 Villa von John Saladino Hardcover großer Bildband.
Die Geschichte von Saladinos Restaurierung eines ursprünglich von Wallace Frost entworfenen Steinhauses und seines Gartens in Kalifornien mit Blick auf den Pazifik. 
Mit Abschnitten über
--
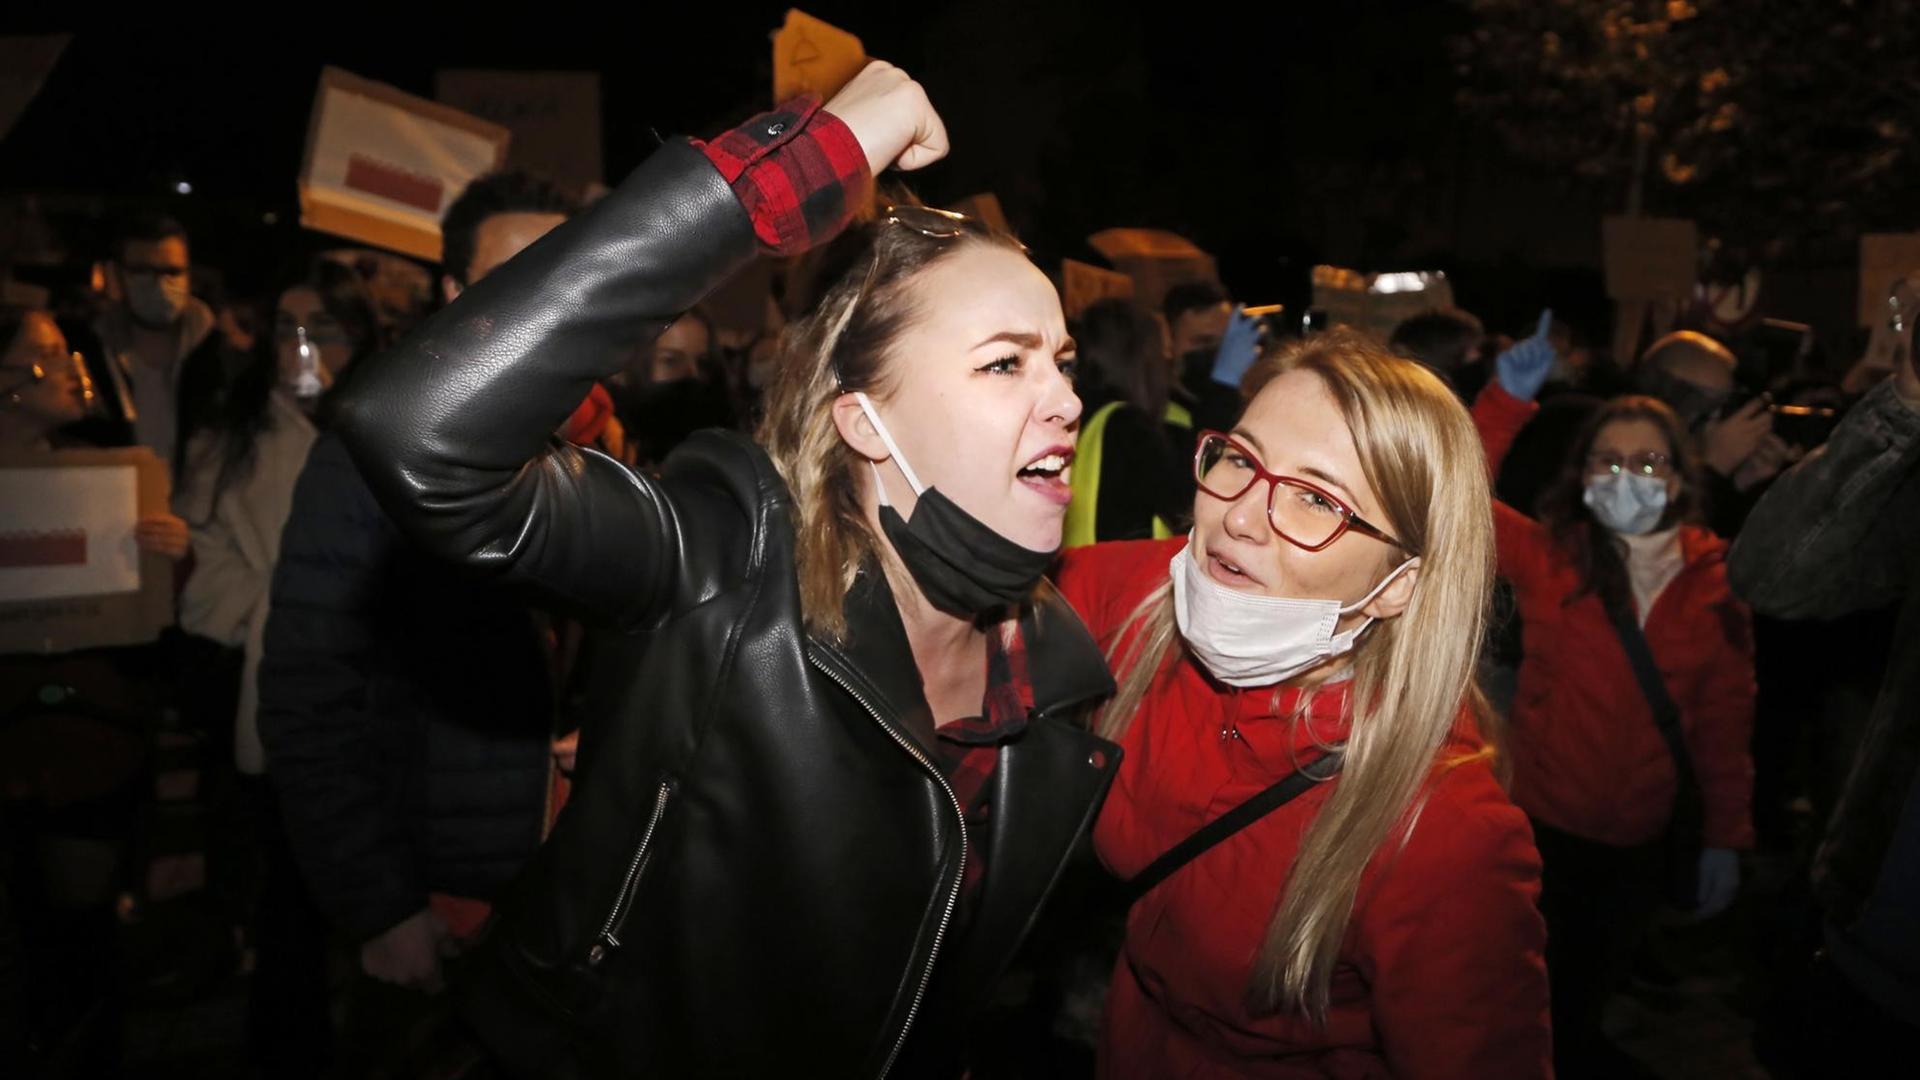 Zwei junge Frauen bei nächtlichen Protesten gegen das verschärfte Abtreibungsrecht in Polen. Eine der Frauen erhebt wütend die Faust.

Work request: As the answer, set down only the lines from the data above between the one holding "Die Geschichte von" and the one holding "Mit Abschnitten über", inclusive, exactly as they read.

Written reply:
Die Geschichte von Saladinos Restaurierung eines ursprünglich von Wallace Frost entworfenen Steinhauses und seines Gartens in Kalifornien mit Blick auf den Pazifik. 
Mit Abschnitten über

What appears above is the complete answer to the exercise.